# MILFORD DUKE



## rustytrawler (Jul 6, 2021)

Is it possible to find a crew list for the MILFORD DUKE i think it was built around 1949 near Hull a crew from Milford arrived in Hull and they fished it's way back to Milford, i was told they were a man short to sail, and i am trying to find out if it was my dad who made up the crew on DUKE'S first trip back to Milford.thank's.... I have been in touch with llangibby eclipse and Milford trawlers, but no luck yet the Dukes first skipper was Albert Saunders.


----------



## wightspirit (Feb 15, 2008)

Crew agreements for 1949 and 1950, for Official number 183931 (Milford Duke), here:




__





Search results: 183931 | The National Archives


The official archive of the UK government. Our vision is to lead and transform information management, guarantee the survival of today's information for tomorrow and bring history to life for everyone.




discovery.nationalarchives.gov.uk





Not downloadable so it means a personal visit or pay the staff to copy them for you.

Dave W


----------



## rustytrawler (Jul 6, 2021)

Hi Dave thank you for your help in looking for dad's records regards rustytrawler


----------



## Puffin's skipper (Nov 15, 2011)

rustytrawler said:


> Is it possible to find a crew list for the MILFORD DUKE i think it was built around 1949 near Hull a crew from Milford arrived in Hull and they fished it's way back to Milford, i was told they were a man short to sail, and i am trying to find out if it was my dad who made up the crew on DUKE'S first trip back to Milford.thank's.... I have been in touch with llangibby eclipse and Milford trawlers, but no luck yet the Dukes first skipper was Albert Saunders.

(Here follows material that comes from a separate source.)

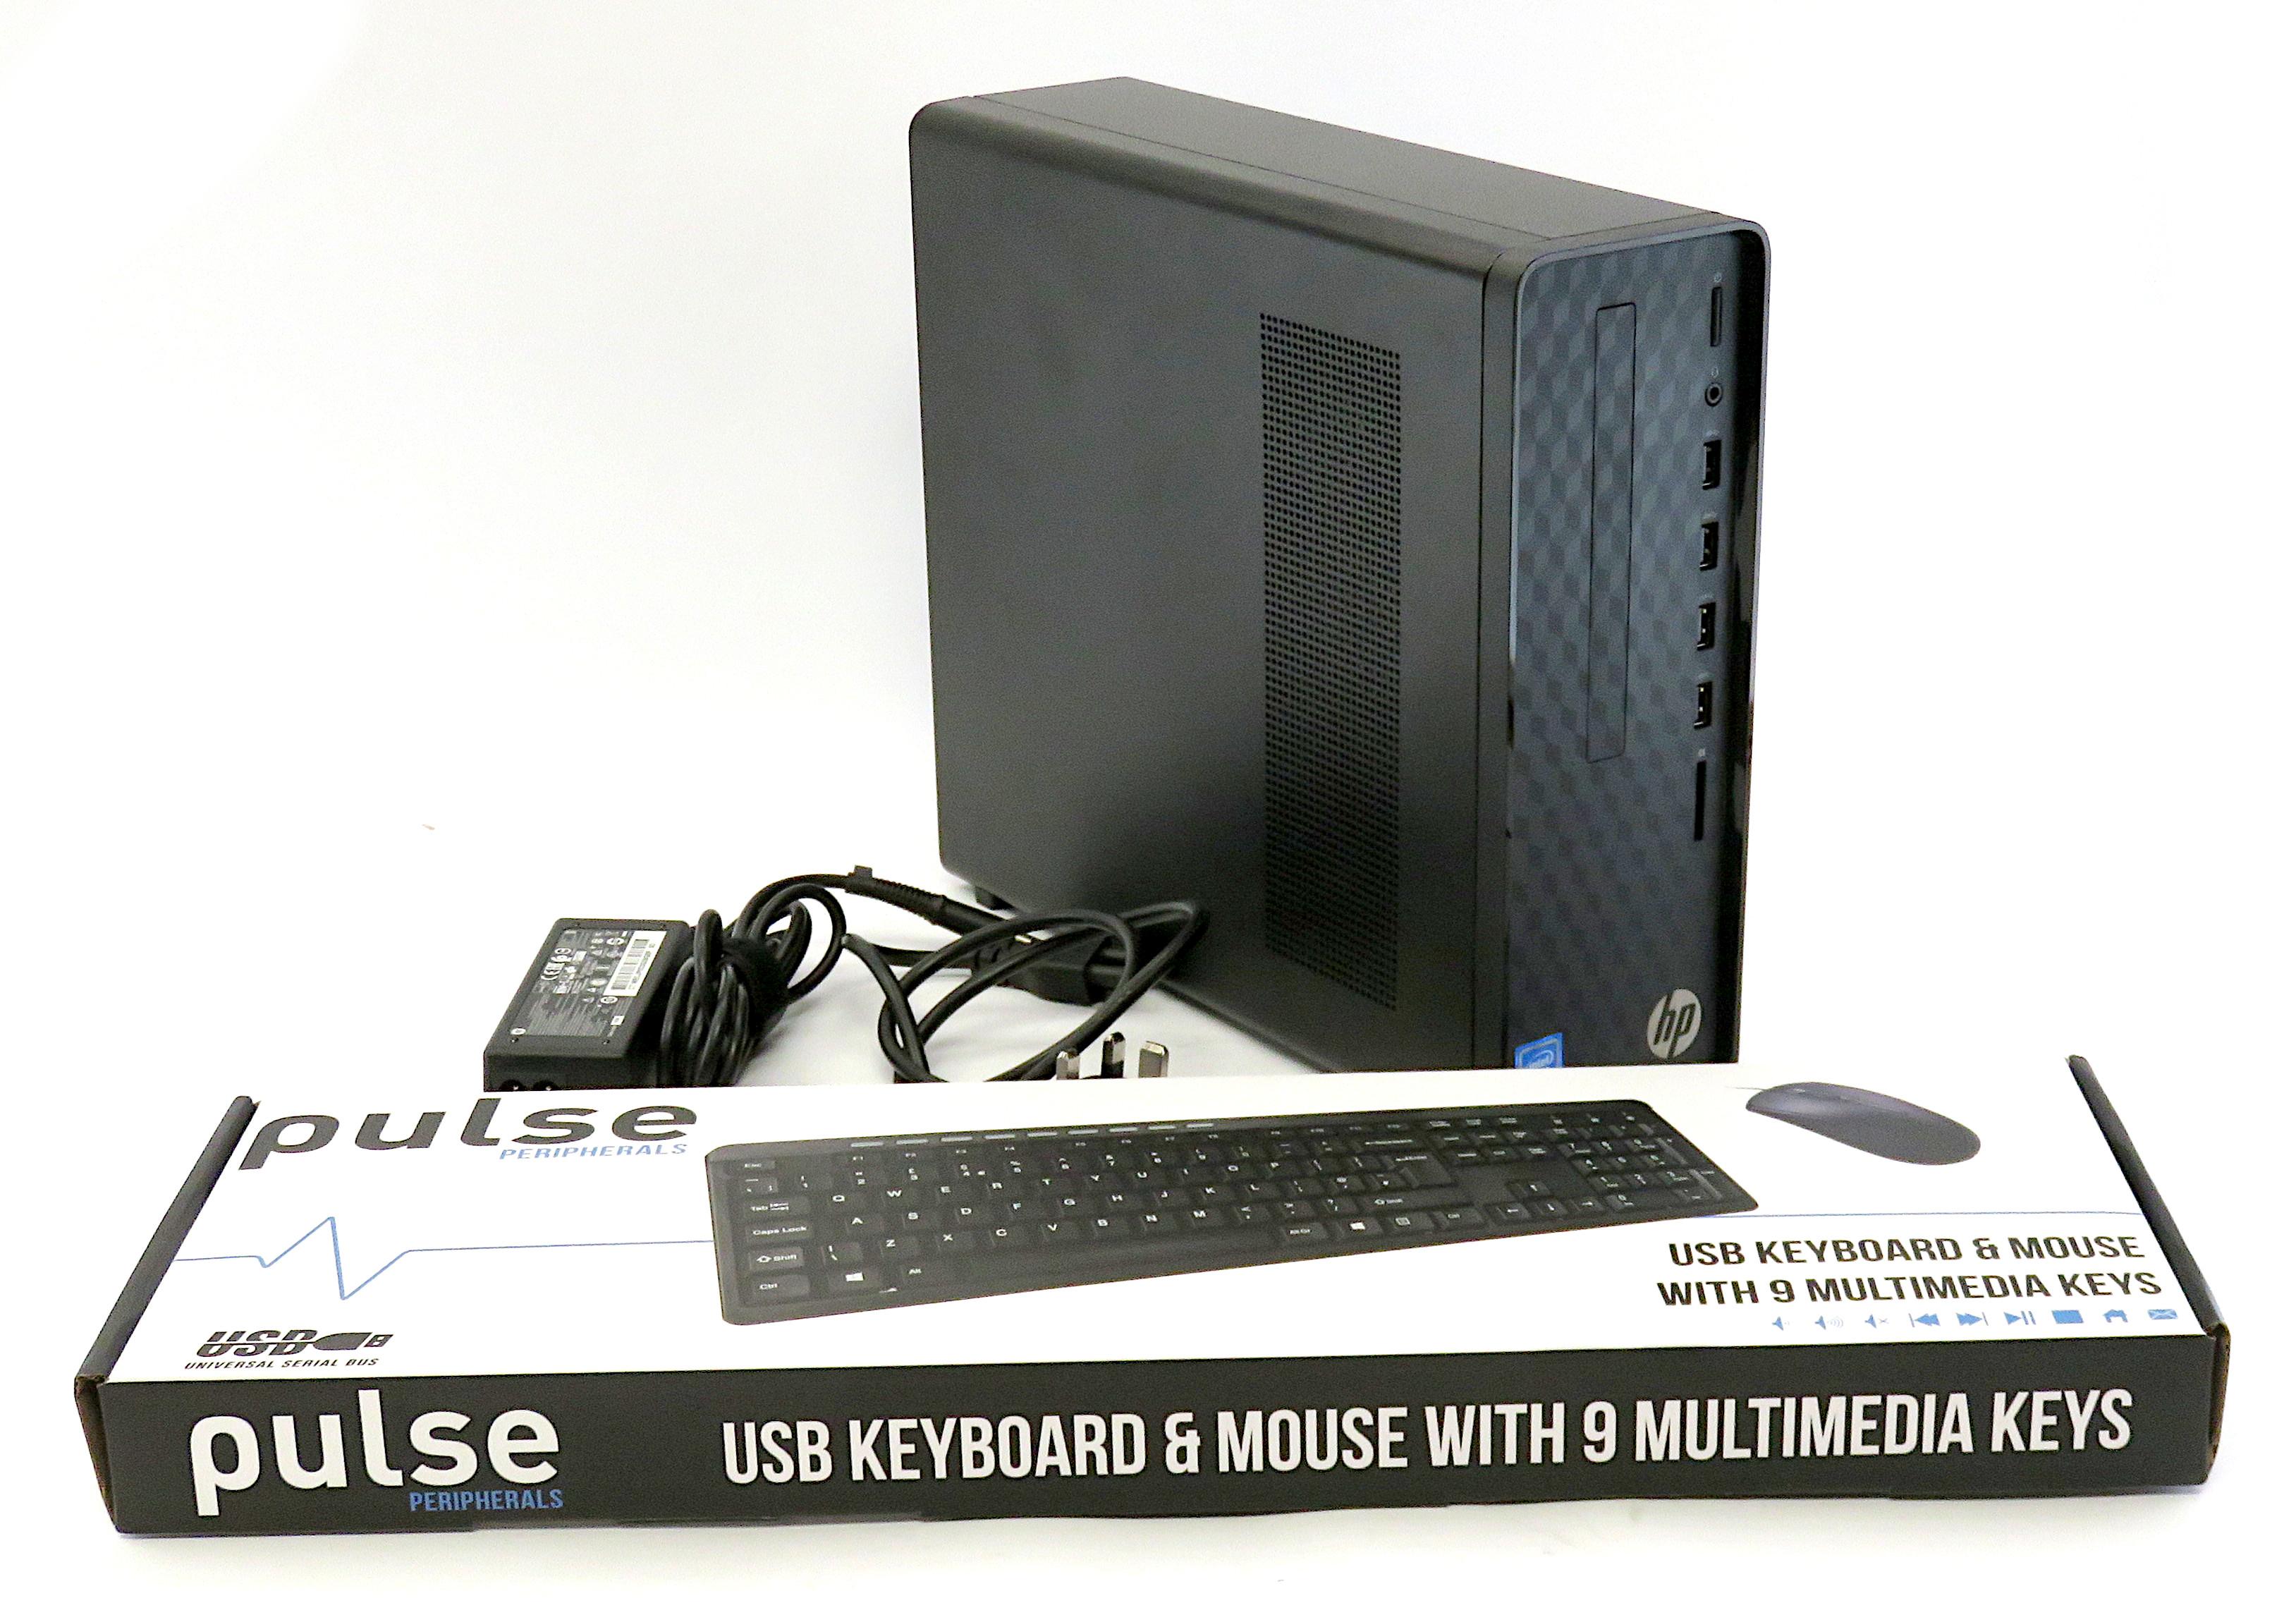 HP Desktop PC S01-af1005na: Celeron J4025 8GB RAM 128GB SSD 1TB HDD Win 10 Home

There was an off shoot company of London Greek years ago. I was on an old beat up liberty boat called Merchant Duke, all their ships ended 'Duke' but they were all Tramp cargo steamers not trawlers.


----------



## rustytrawler (Jul 6, 2021)

Hi puffin . the ships crew were all on Milford duke, i am now trying the national archives, thanks regards rustytrawler


----------